GSA Annual Meeting in Phoenix, Arizona, USA - 2019

Paper No. 60-2
Presentation Time: 1:45 PM

THE GEON 14 WOLF RIVER TECTONOMAGMATIC EVENT: A MIDCONTINENTAL LINK BETWEEN THE PICURIS AND PINWARIAN OROGENIES


MEDARIS Jr., L. Gordon1, SINGER, Bradley S.1, JICHA, Brian R.2, MALONE, David H.3, SCHWARTZ, Joshua J.4, STEWART, Esther K.5, VAN LANKVELT, Amanda6, WILLIAMS, Michael L.6 and REINERS, Peter7, (1)Department of Geoscience, University of Wisconsin-Madison, 1215 W. Dayton St., Madison, WI 53706, (2)Department of Geoscience, University of Wisconsin, 1215 W. Dayton St., Madison, WI 53706, (3)Geography-Geology, Illinois State University, Campus Box 4400, Normal, IL 61790-4400, (4)Department of Geological Sciences, California State University, Northridge, 18111 Nordhoff Street, Northridge, CA 91330, (5)Wisconsin Geological and Natural History Survey, 3817 Mineral Point Rd, Madison, WI 53705, (6)Department of Geosciences, University of Massachusetts Amherst, 611 N Pleasant St, Amherst, MA 01003, (7)Department of Geosciences, University of Arizona, Tucson, AZ 85721

The 1476–1470 Ma Wolf River batholith is a prominent and important feature of the Precambrian basement in Wisconsin.

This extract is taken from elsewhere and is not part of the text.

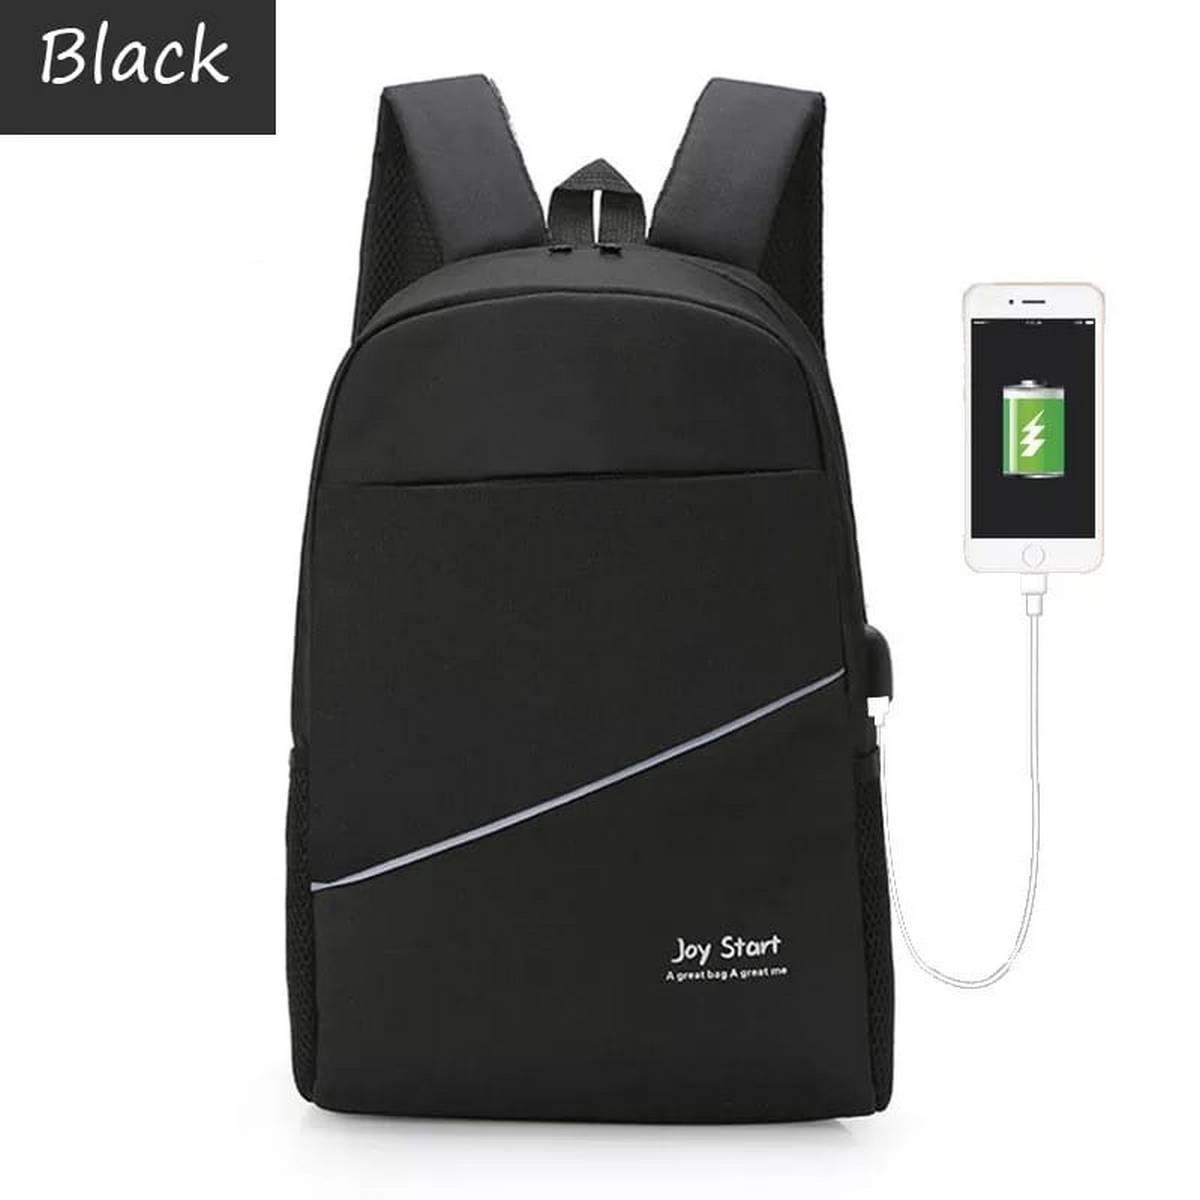 USB Charging New Style Business Backpack, Men Women School Bag, Travel Bag , Sport Bag, Travel Backpack

New geochronologic data demonstrate that batholith emplacement was not an isolated, anorogenic igneous phenomenon, but instead represents the magmatic component of a major geon 14 tectonomagmatic event that was accompanied by sedimentation, regional deformation, and regional metamorphism. The arkosic, polymictic Baldwin conglomerate occurs at the northeastern margin of the batholith, where it lies unconformably on Penokean metavolcanic and metasedimentary rocks and is intruded by 1470 Ma Wolf River feldspar porphyry. The maximum depositional age (MDA) for the youngest statistically homogenous population of detrital zircons is 1458 ± 10 Ma (MSWD = 0.2; n = 13), demonstrating that deposition of the conglomerate occurred shortly after crystallization of the batholith. Geon 14 regional deformation and metamorphism is recorded by post–Mazatzal Baraboo Interval metasedimentary rocks (MDA = 1643 ± 11 Ma; MSWD = 1.05; n = 42). In the Baraboo Range, muscovite parallel to slatey cleavage in Seeley Slate yields 40Ar/39Ar plateau ages of 1473, 1483, 1493, and 1496 Ma (all at ± 3 Ma), and muscovite defining crenulation cleavage in Waterloo metapelite yields 1465 ± 7 Ma. In addition, muscovite 40Ar/39Ar ages are 1472 ± 3 Ma in breccia in the Baraboo Quartzite, 1480 ± 11 Ma in hydrothermal veins at the base of the quartzite, and 1469 ± 11 Ma in metamorphosed paleosol beneath the quartzite. U–Pb dating by electron microprobe of monazite in the Seeley Slate yields Penokean and older ages for detrital monazite grains and a date of 1502 ± 30 Ma for neoblastic monazite overgrowths. Folded metapelite layers in the Baraboo Quartzite contain tiny grains (50–100 mm) of recrystallized hematite, which yield a mean U/Th–He age of 1507 ± 153 Ma. These new geochronologic data demonstrate that emplacement of the Wolf River batholith was accompanied by sedimentation and regional deformation and metamorphism, representing a major geon 14 tectonomagmatic event that provides a midcontinental link between the northeastern Pinwarian orogeny and the southwestern Picuris orogeny, thus completing the transcontinental extent of geon 14 orogenesis for 5000 km parallel to the southern margin of Laurentia.